(About this exercise): Output the data in full. Keep every word exact and exclude the pictures.

(Given information):
---
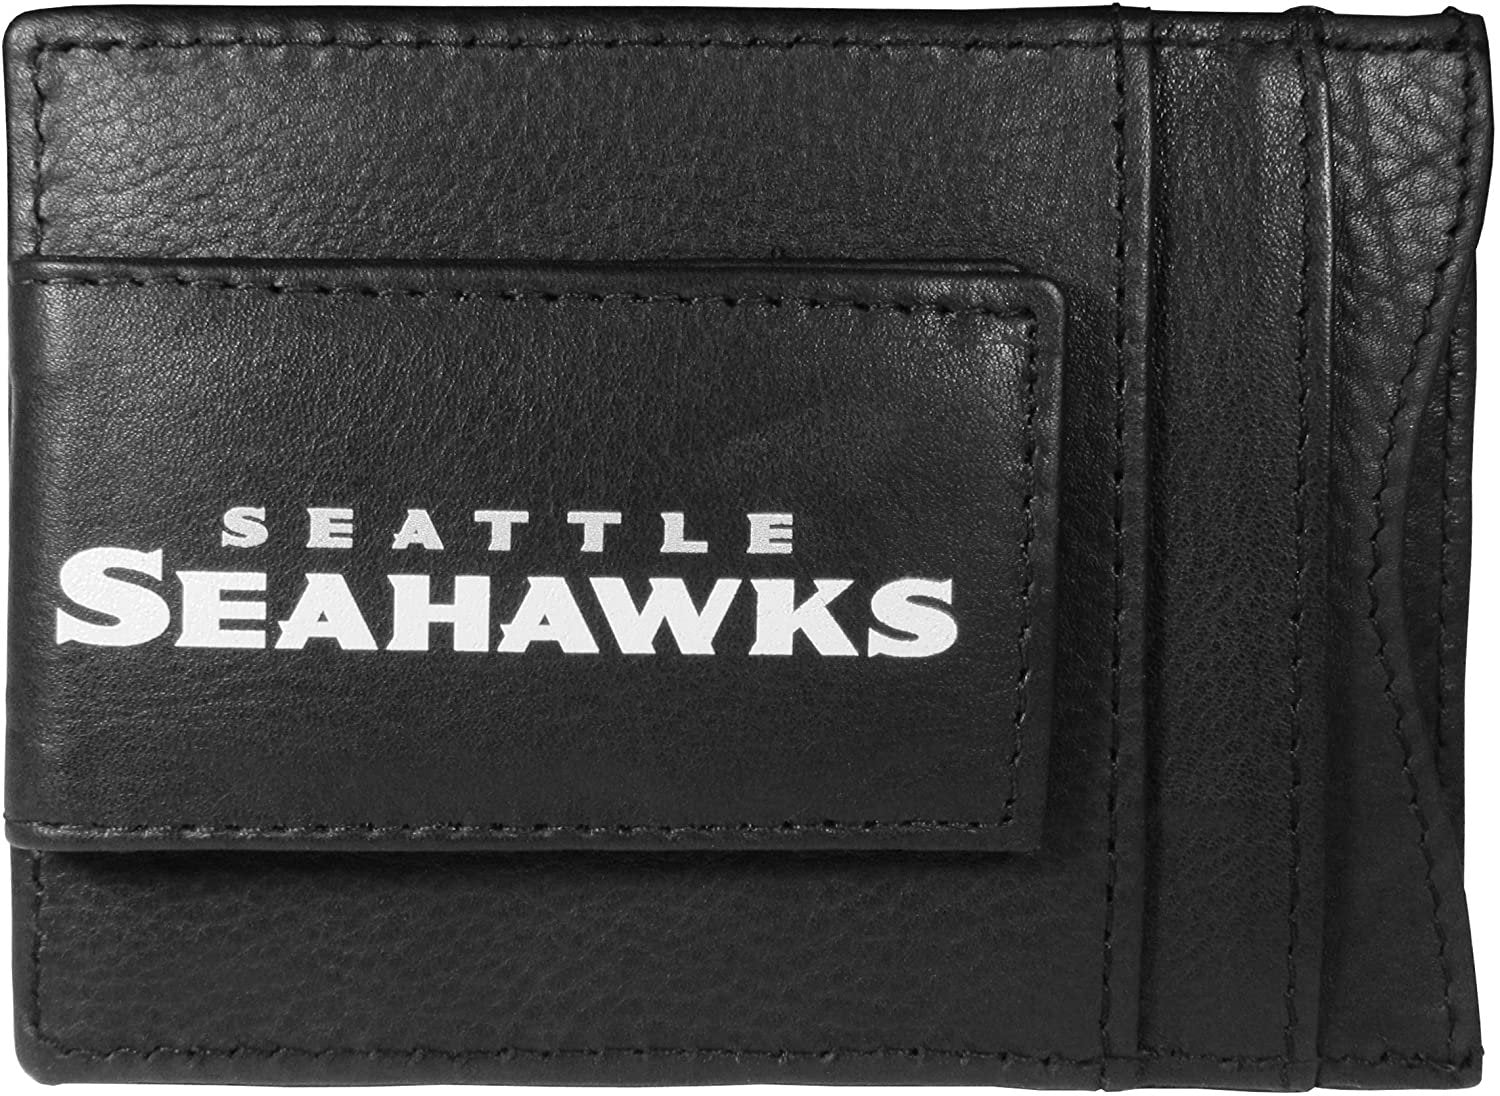 Seattle Seahawks Black Leather Wallet, Front Pocket Magnetic Money Clip, Printed Logo
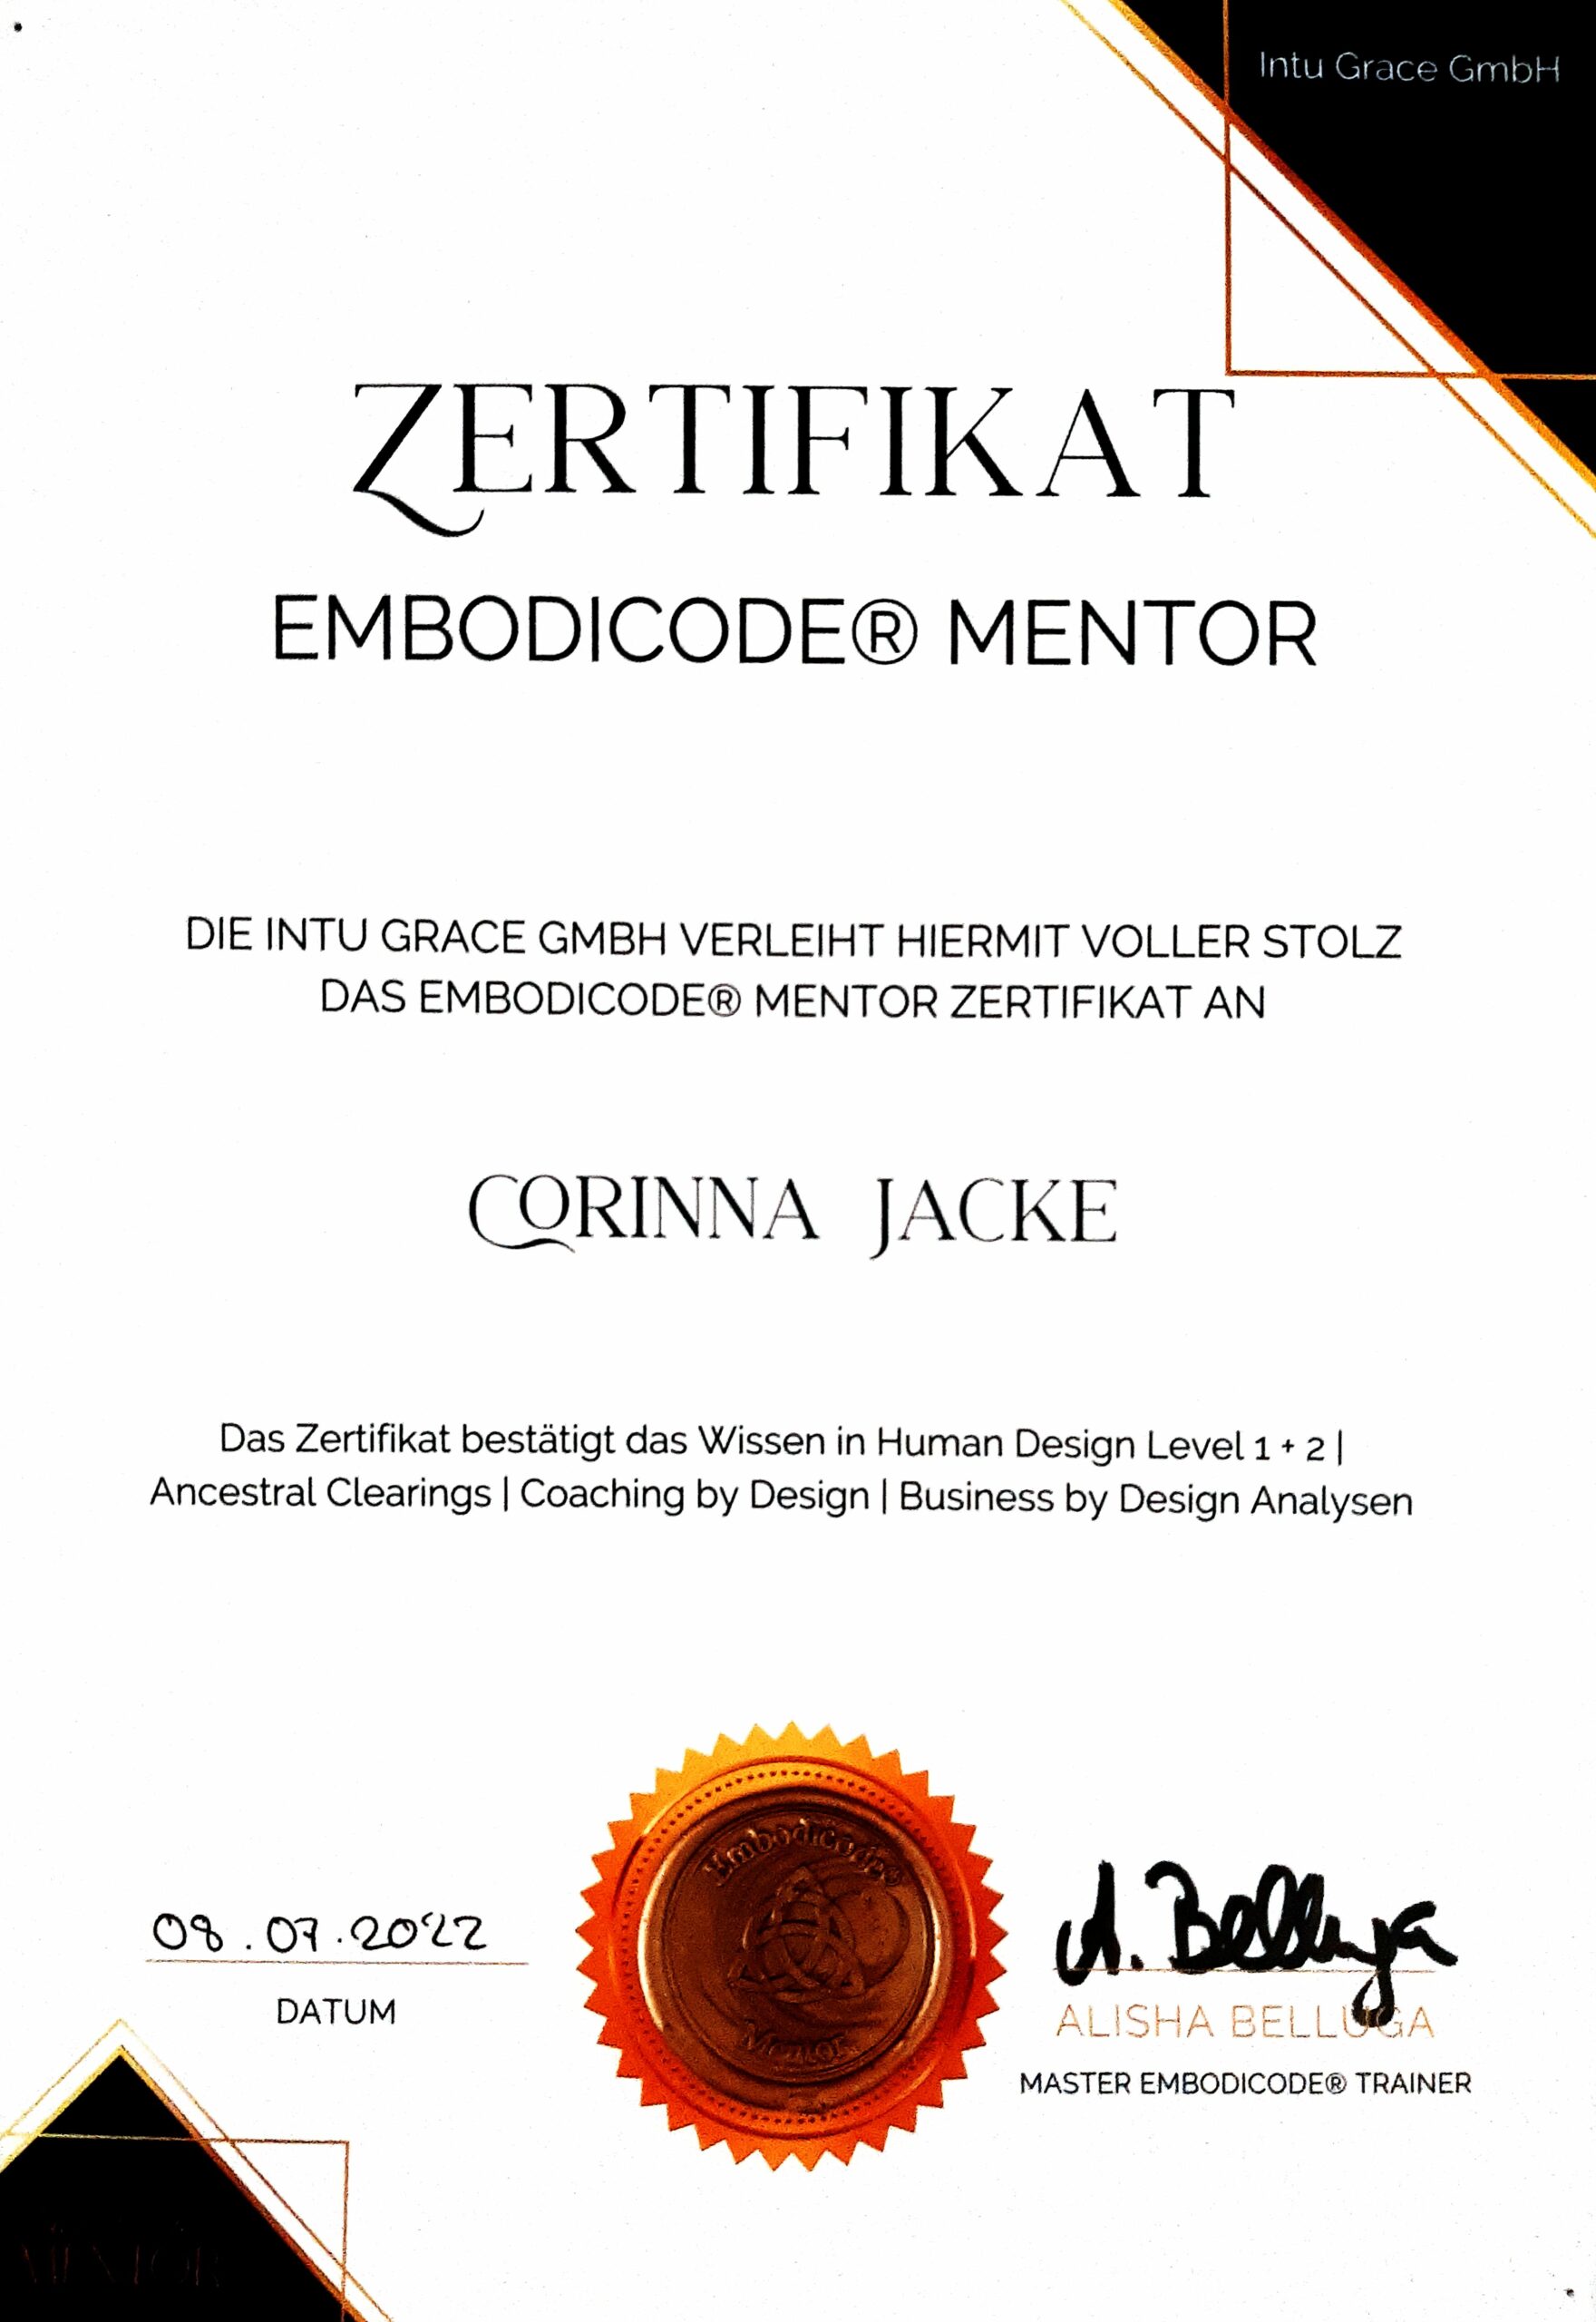 Human Design Mentoring Zertifikat Corinna Jacke
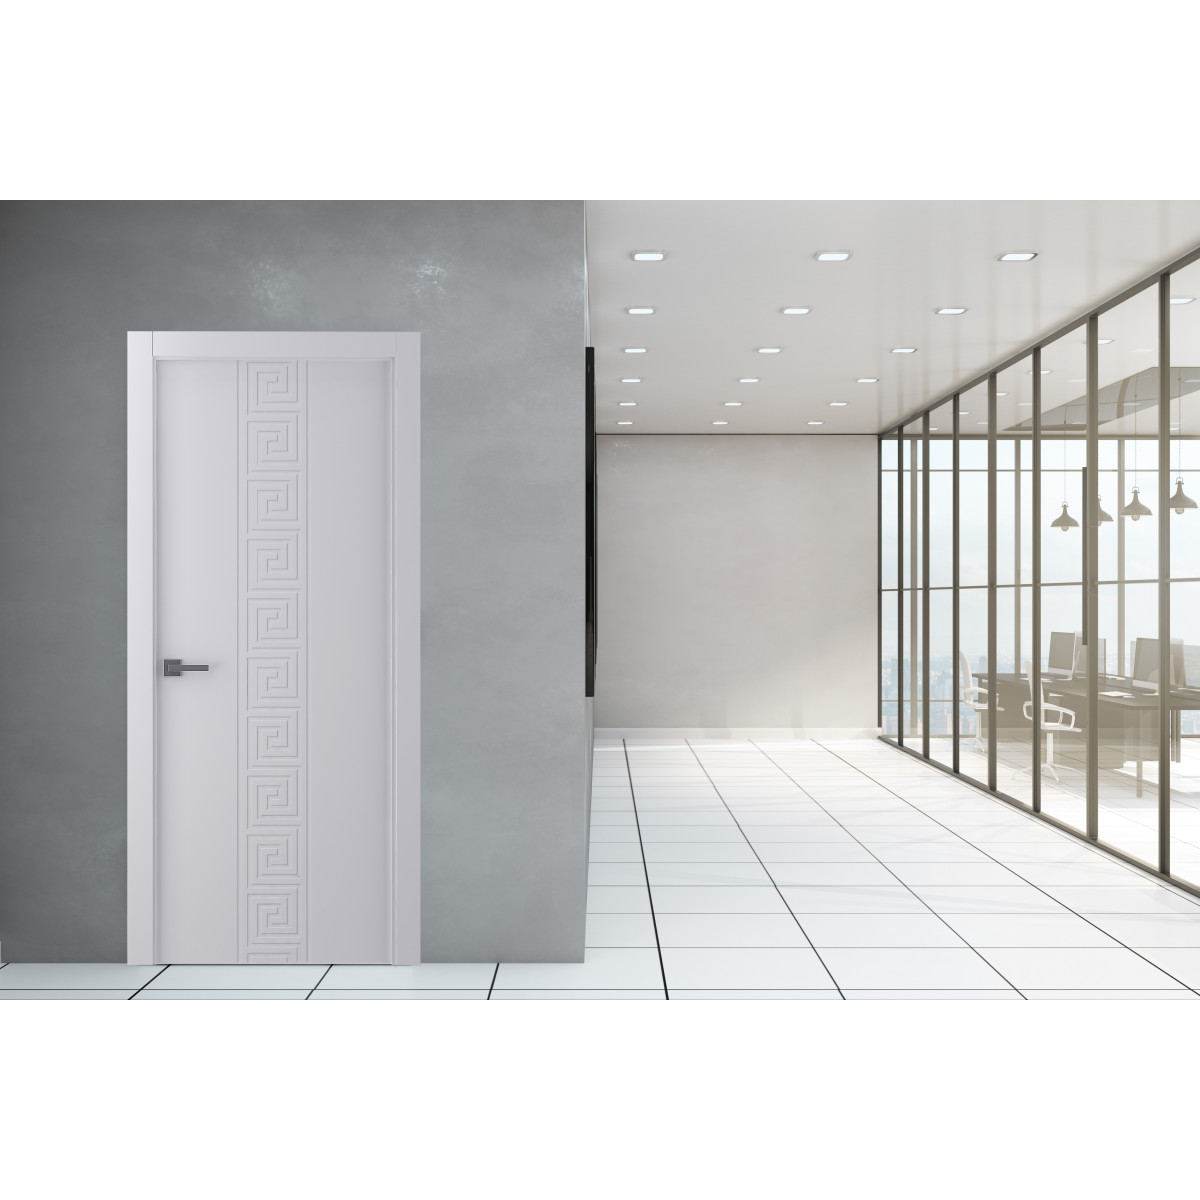 Дверь межкомнатная глухая с замком в комплекте Эллада 80x200 см экошпон цвет белый
---
(The completed task):
 Seattle Seahawks Black Leather Wallet, Front Pocket Magnetic Money Clip, Printed Logo
 Human Design Mentoring Zertifikat Corinna Jacke
 Дверь межкомнатная глухая с замком в комплекте Эллада 80x200 см экошпон цвет белый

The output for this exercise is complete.